• **RAW DATA**:
····················

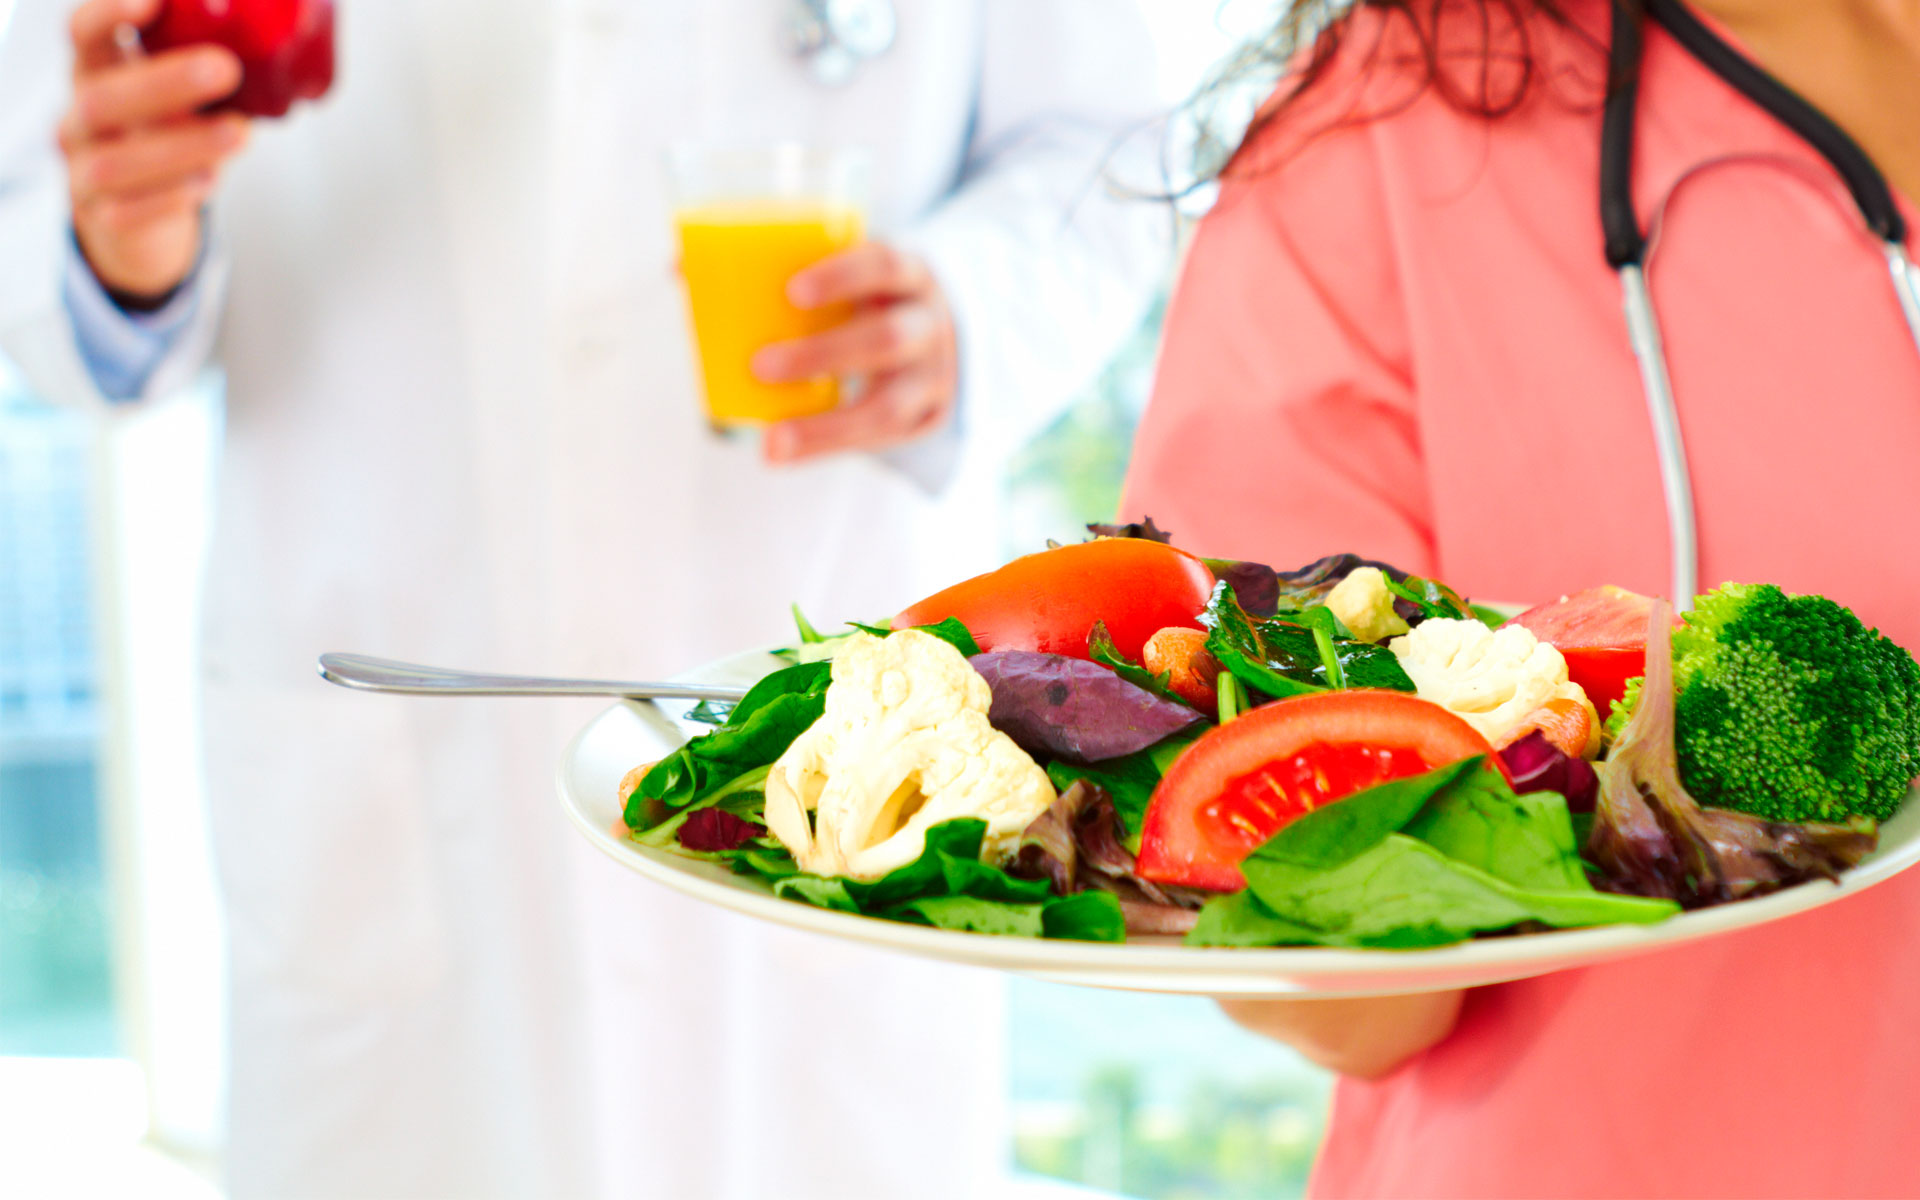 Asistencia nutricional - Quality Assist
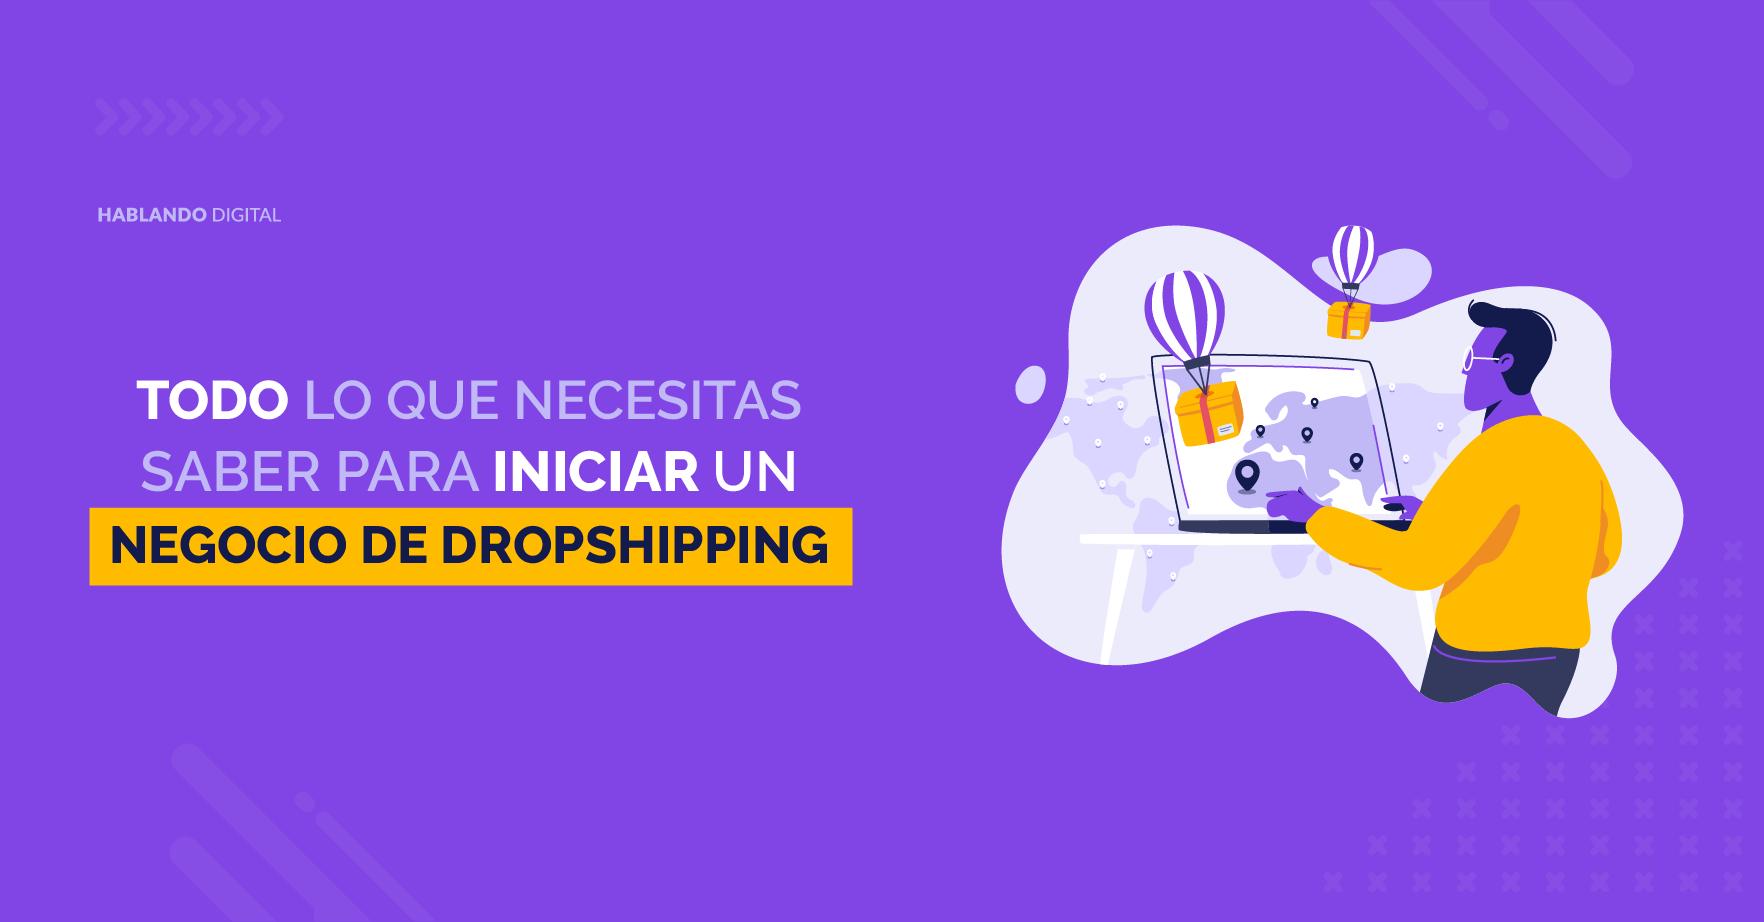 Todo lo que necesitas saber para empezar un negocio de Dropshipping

····················

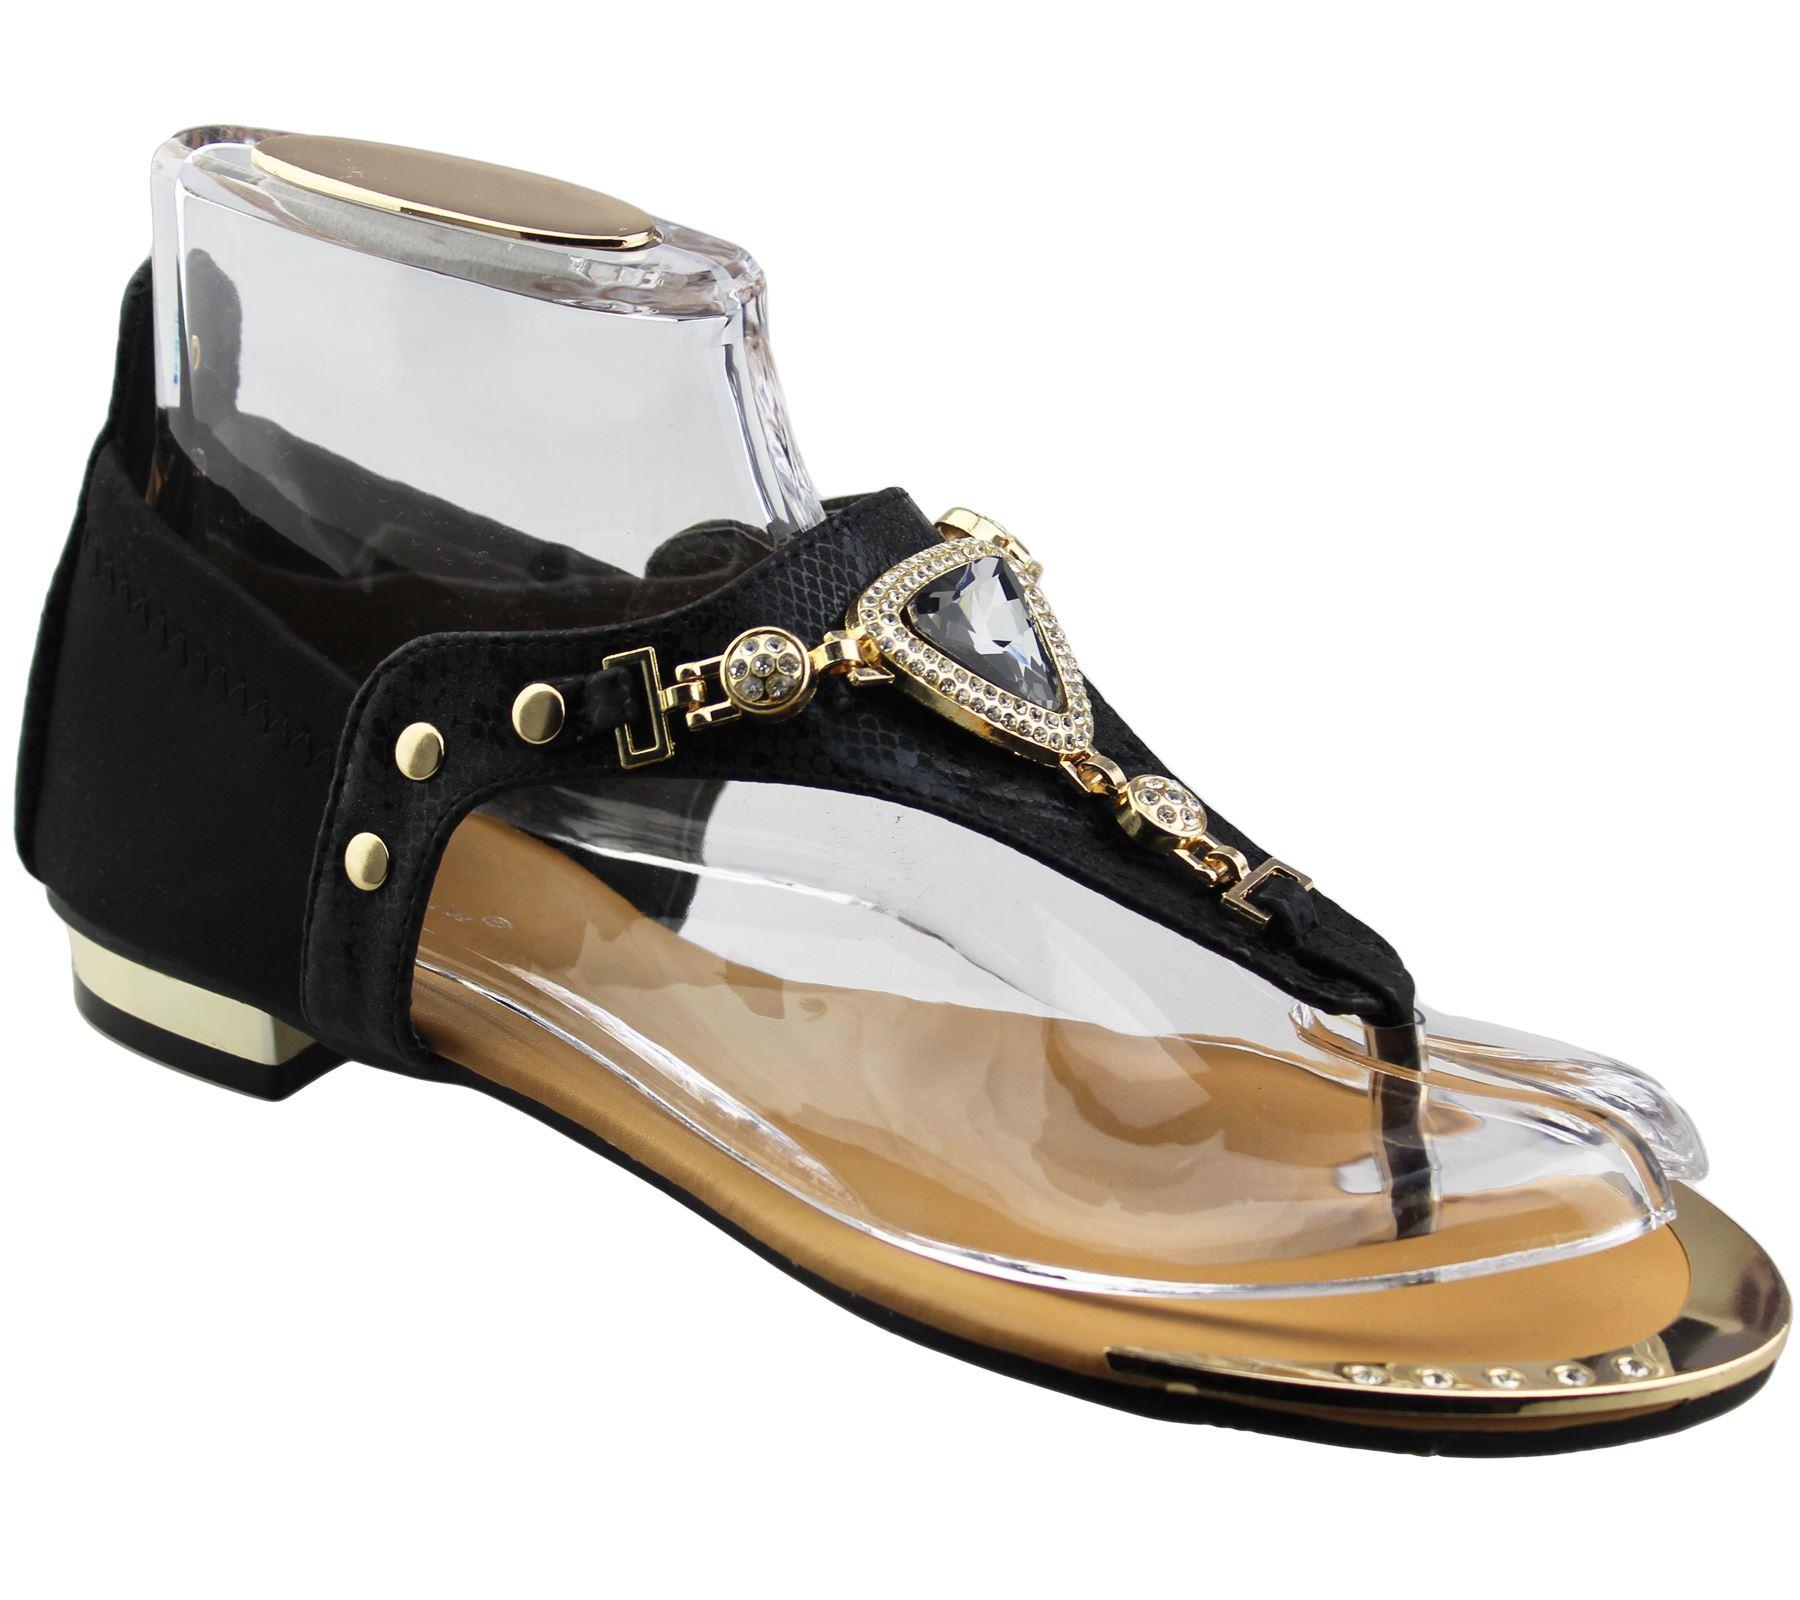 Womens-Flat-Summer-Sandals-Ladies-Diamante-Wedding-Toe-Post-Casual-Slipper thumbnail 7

····················

• **YOUR GOAL**: When you reach the line with "Asistencia nutricional - Quality Assist" in the records above, start writing out each line exactly, and stop after the line with "Todo lo que". Pictures stay out.

• **OUTPUT**:
 Asistencia nutricional - Quality Assist
 Todo lo que necesitas saber para empezar un negocio de Dropshipping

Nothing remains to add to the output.